Mbekeani’s resignation has not been formally announced to the office, but news that she was leaving began spreading Tuesday afternoon.

Mbekeani, who had never worked as a line prosecutor before her appointment, rankled some of her more senior peers in the office, who noted her prior work on a website intended to connect incarcerated people to free legal support for wrongful conviction claims.

The website, Periodsentence.com, also drew the ire of a judge at the courthouse, who believed her involvement with the organization conflicted with her role in the prosecutor’s office.

Judge Michael McHale ordered Mbekeani banned from his courtroom in January after holding a conflicts hearing in the case of Dante Brown, who is fighting to overturn his double murder conviction.

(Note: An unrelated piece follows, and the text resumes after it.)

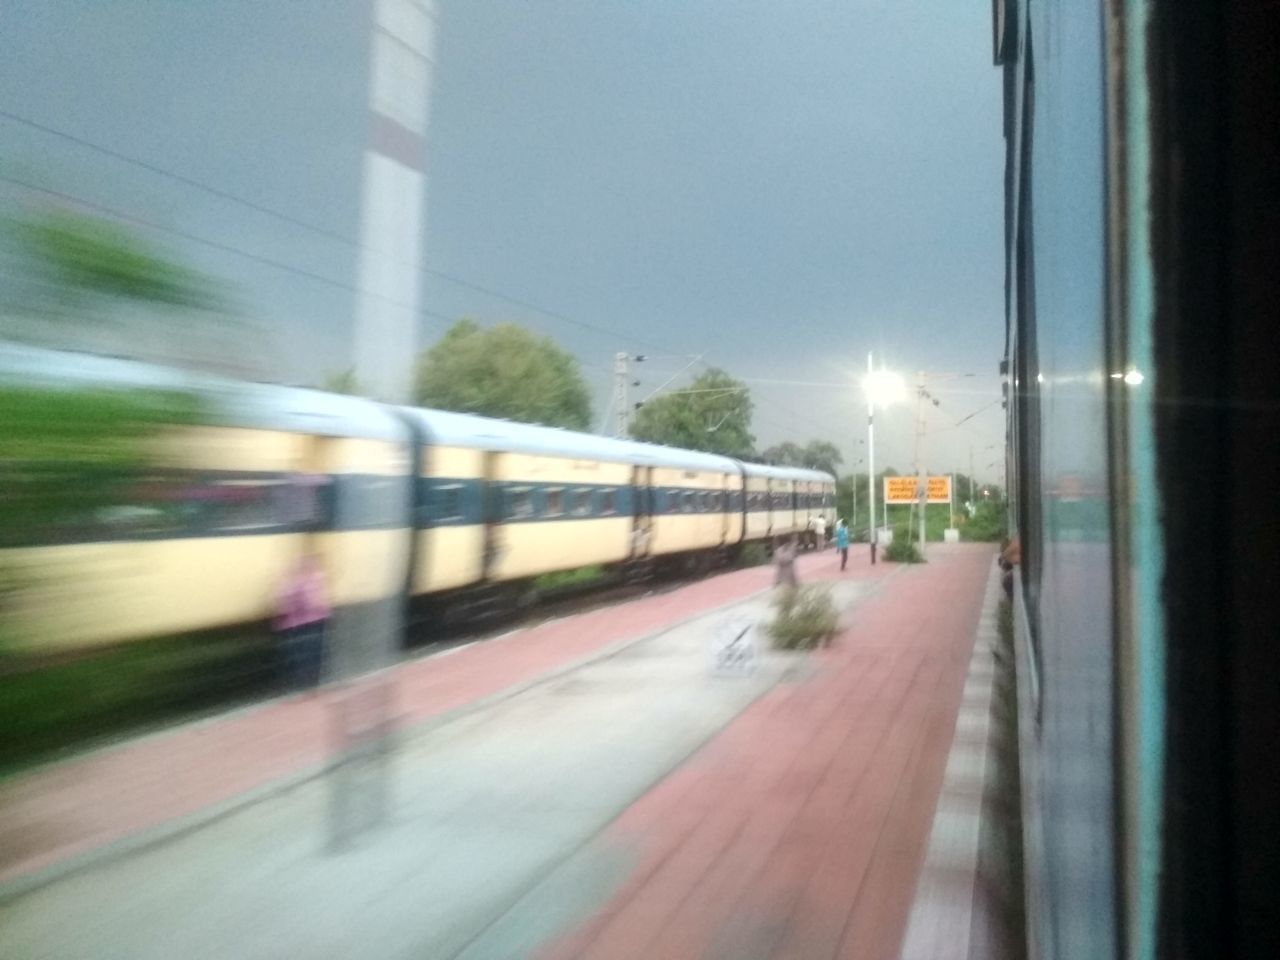 BLURRED MOTION OF TRAIN AT RAILROAD STATION PLATFORM AGAINST SKY

She told the judge the website was a “class project” and “not a real business,” according to the judge’s order. When McHale learned that Mbekeani had registered the business with the Illinois secretary of state and asked her to explain, he said he found her answers “duplicitous, incomplete, evasive and untruthful.”

McHale banned Mbekeani from appearing in his courtroom on any case, accusing her of “brazen attempts to evade telling the truth.”

The website is no longer active, and it is not clear if any offenders were able to access legal help from the app.

Foxx issued a statement supporting Mbekeani at the time, and several veteran staffers in the office said Mbekeani remained a key adviser to Foxx.

The Conviction Review Unit, originally called the Conviction Integrity Unit, had been a signature initiative of Foxx’s two terms as Cook County’s top prosecutor.

During Foxx’s administration, the unit signed off on tossing the convictions of more than 200 defendants who made allegations of misconduct by police or prosecutors, including the first “mass exoneration” in county history.

Mbekeani is a 2014 graduate of University of Chicago Law School. She was hired by the state’s attorney in 2018 as a policy adviser. She had worked as an attorney at the Shriver Center for Poverty Law.